Ashley: Nobody wants to live without Wi-Fi these days, especially when you’re out on the road.

Cody: Julissa and our favorite nerd have ways to stay connected while you travel.

Julissa: Yes, because if you don’t have Wi-Fi, it’s like the end of the world, right, when you’re on the road.

Ryan: You’re done. You are done.

Ashley: Done.

Julissa: I mean, YouTube [inaudible 00:00:16], so our kids basically do not know life before YouTube. Right?

Ryan: No. Heck, no. No way. YouTube… Here’s an interesting fact about YouTube. Nobody has ever watched a YouTube video to the end, never. We always turn them off early.

Julissa: I know, right? Because we’re so impatient.

Ryan: Right. So let’s talk about getting free Wi-Fi on the road. So you don’t want to use your cell data and all that. I mean, we got caps and all kinds of slowdowns, things like that. So this is kind of a cool thing. First, you want to plan ahead. So call the hotel you’re gonna stay at, ask them how their Wi-Fi is. Tell them you’ve got an important video conference that you have to attend, they’ll tell you whether it’s good or not. Sometimes there’s upgrade options where you can pay a little extra, but make sure you check with them first.

Next, if you’re gonna be in an airport, download whatever movies or music or whatever you’re gonna need on the plane so you don’t have to pay eight bucks on Southwest. Their Wi-Fi’s terrible. So you just download it first when you’re in the [inaudible 00:01:06]

Julissa: Before, yeah.

Ryan: Now also, most ISPs offer some sort of free service, so Xfinity, you can get for free almost anywhere in the States, right?

Julissa: Anywhere, yeah.

Ryan: Also, AT&T has one, so you can get AT&T Wi-Fi if you’re an AT&T customer. Also, don’t check…make sure that if you go to like Airbnb or Vrbo, don’t rely on their Wi-Fi. It’s usually pretty terrible. You want to make sure that you’ve got some sort of alternative.

Now Lifehacker did a ranking of free Wi-Fi for restaurants and coffee shops and things like that, and the best Wi-Fi is at Dunkin Donuts.

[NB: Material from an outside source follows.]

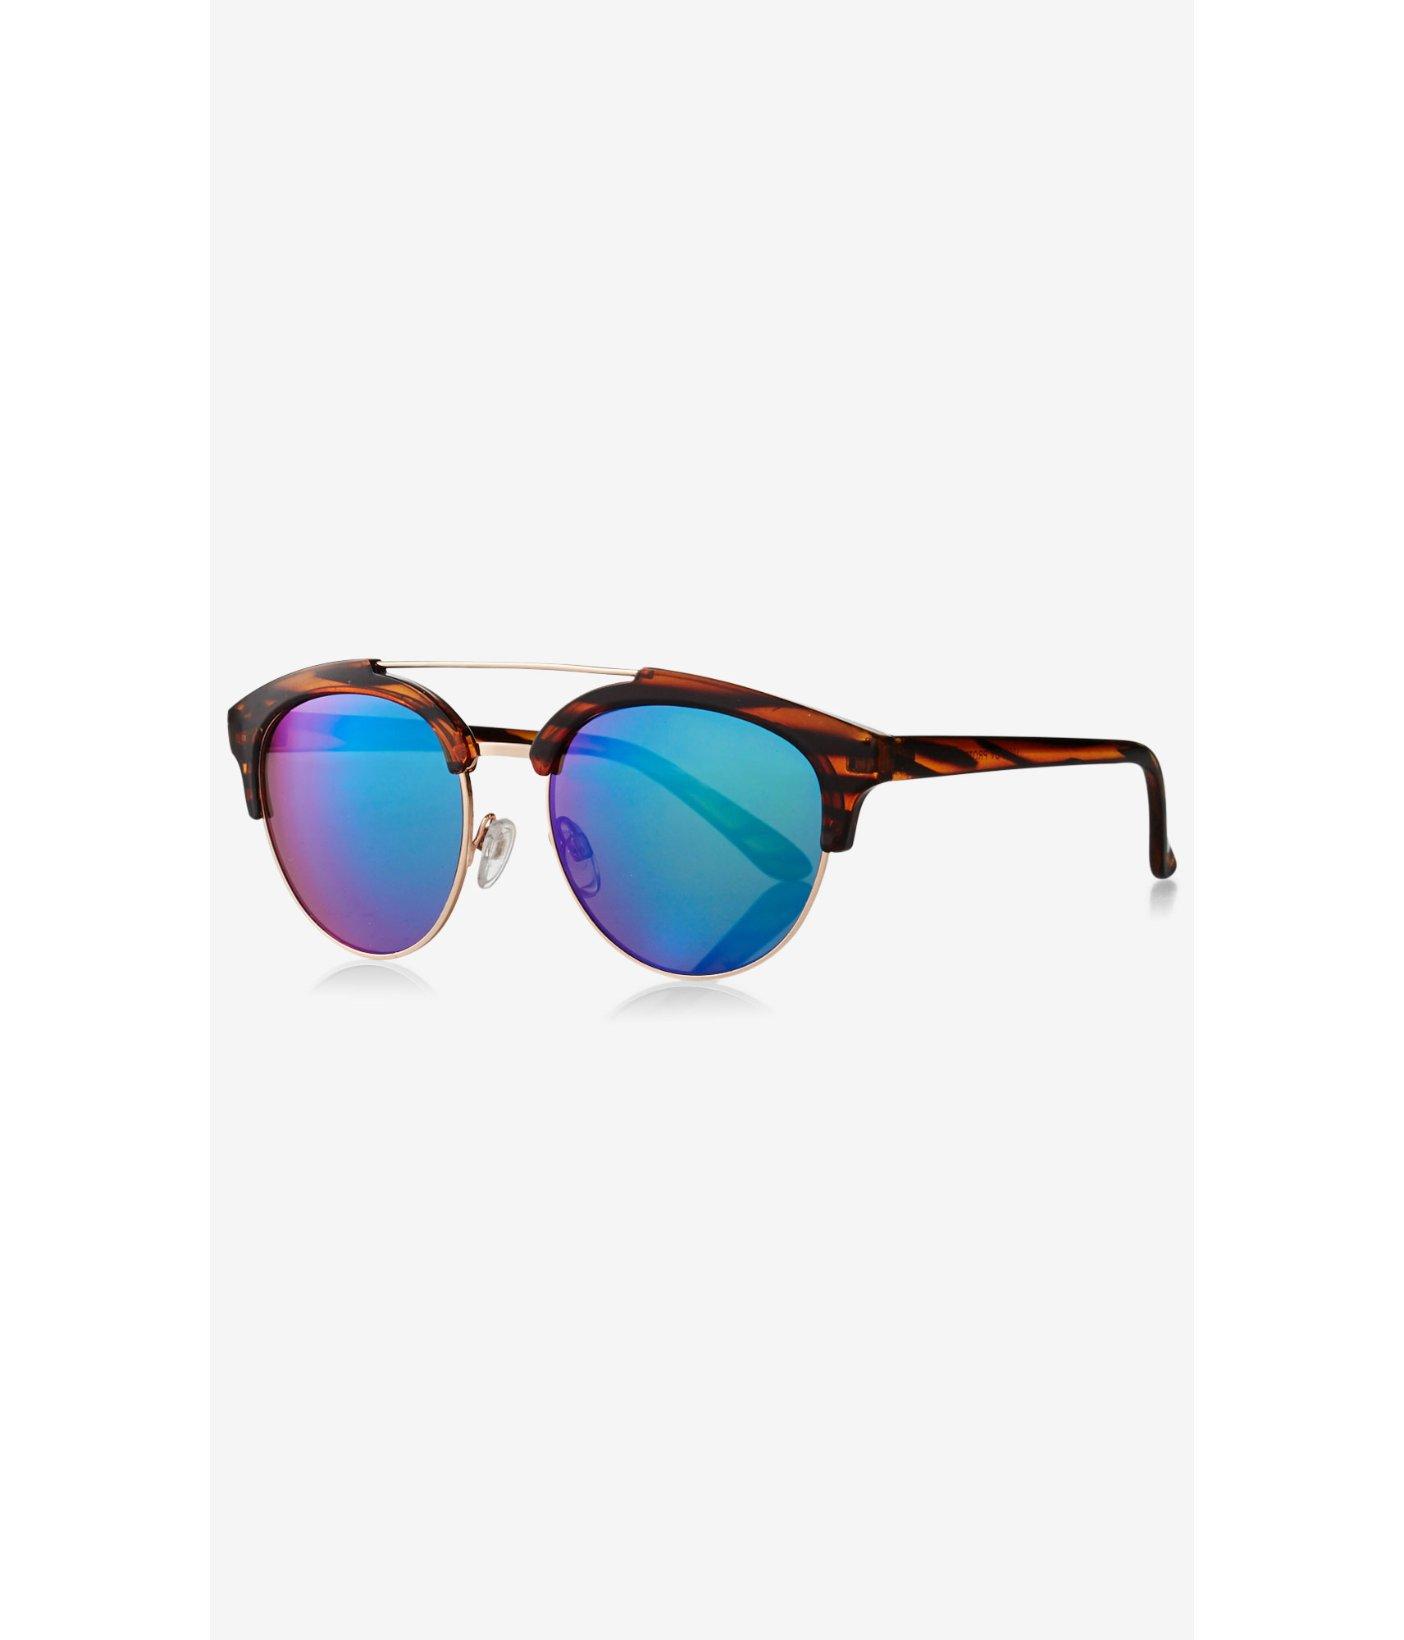 Brow Bar Sunglasses  express retro brow bar sunglasses in blue lyst

Julissa: So while having a donut, surf the web.

Ryan: So have yourself a donut, get yourself some Wi-Fi. But also Peet’s coffee was ranked really well, as well as Starbucks, of course. But the worst was The Coffee Bean & Tea Leaf, terrible Wi-Fi, and so was Caribou Coffee. But McDonald’s was rated the best for fast food, so go hang out at McD, get yourself an Egg McMuffin, they serve them all day. Go to Panera Bread, they’ve also got great Wi-Fi.

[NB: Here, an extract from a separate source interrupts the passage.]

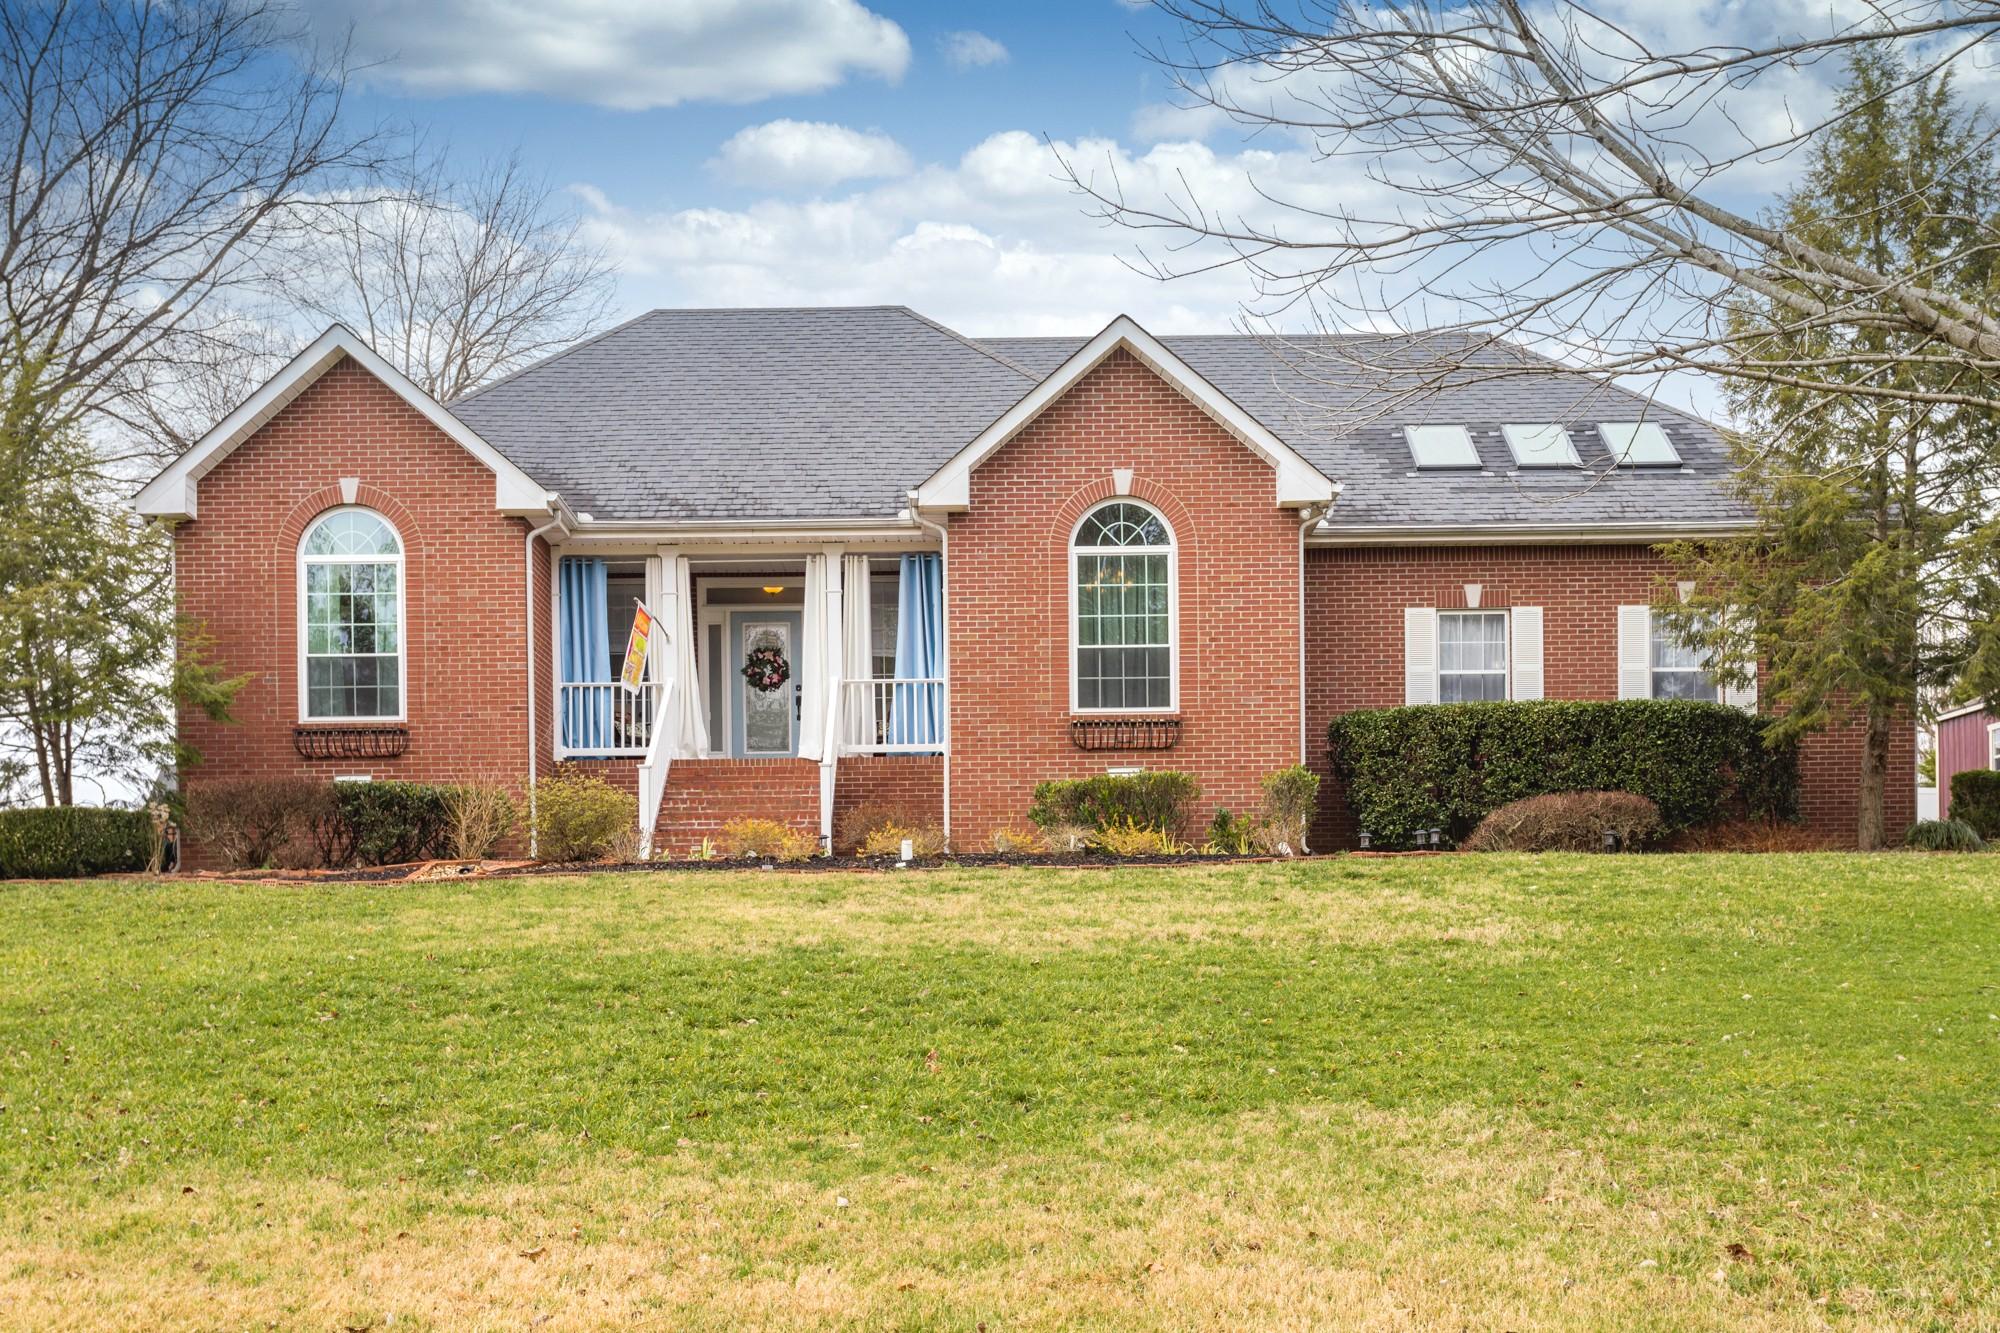 1305 Sycamore Valley Rd, Ashland City, TN 37015 - Ashland City, TN real estate listing

Ashley: Oh, yeah, they have good Wi-Fi.

Ryan: KFC was rated terrible, as well as Shake Shack, but they have shakes there. So Wi-Fi, I’ll go to… heck, I’m gonna go ahead and give me a shake. Also Apple stores give out free Wi-Fi as well as Microsoft stores. But stay away from IKEA, total junk. They don’t want you sticking around there, as well as Lowe’s. And I don’t know how many people hang out in the parking of Lowe’s when you’re traveling. But [crosstalk 00:02:24]

Cody: I’ve seen a lot of people.

Ryan: Also, here’s an interesting thing, is on your Facebook. If you go to Facebook, I’m gonna do right here. If you go to Facebook and go to the Settings page, I’m gonna go down here to where it says See More, take a look down here, Find Wi-Fi, you got a little Wi-Fi map, it’s gonna tell you all the Wi-Fi that’s in your neighborhood.

Julissa: That’s in your neighborhood, okay.

Ryan: How cool is that? Now, if you’re traveling internationally, this is a free WiFi Finder, you can download it for Android or Apple. If you’re really cool, you can download it on Apple. And anyway, this shows you all kinds of free Wi-Fi and this is crowdsourced. So if there is a Wi-Fi location and there’s a password, somebody may have put it in there, and then you get Wi-Fi [crosstalk 00:03:03], kinda cool.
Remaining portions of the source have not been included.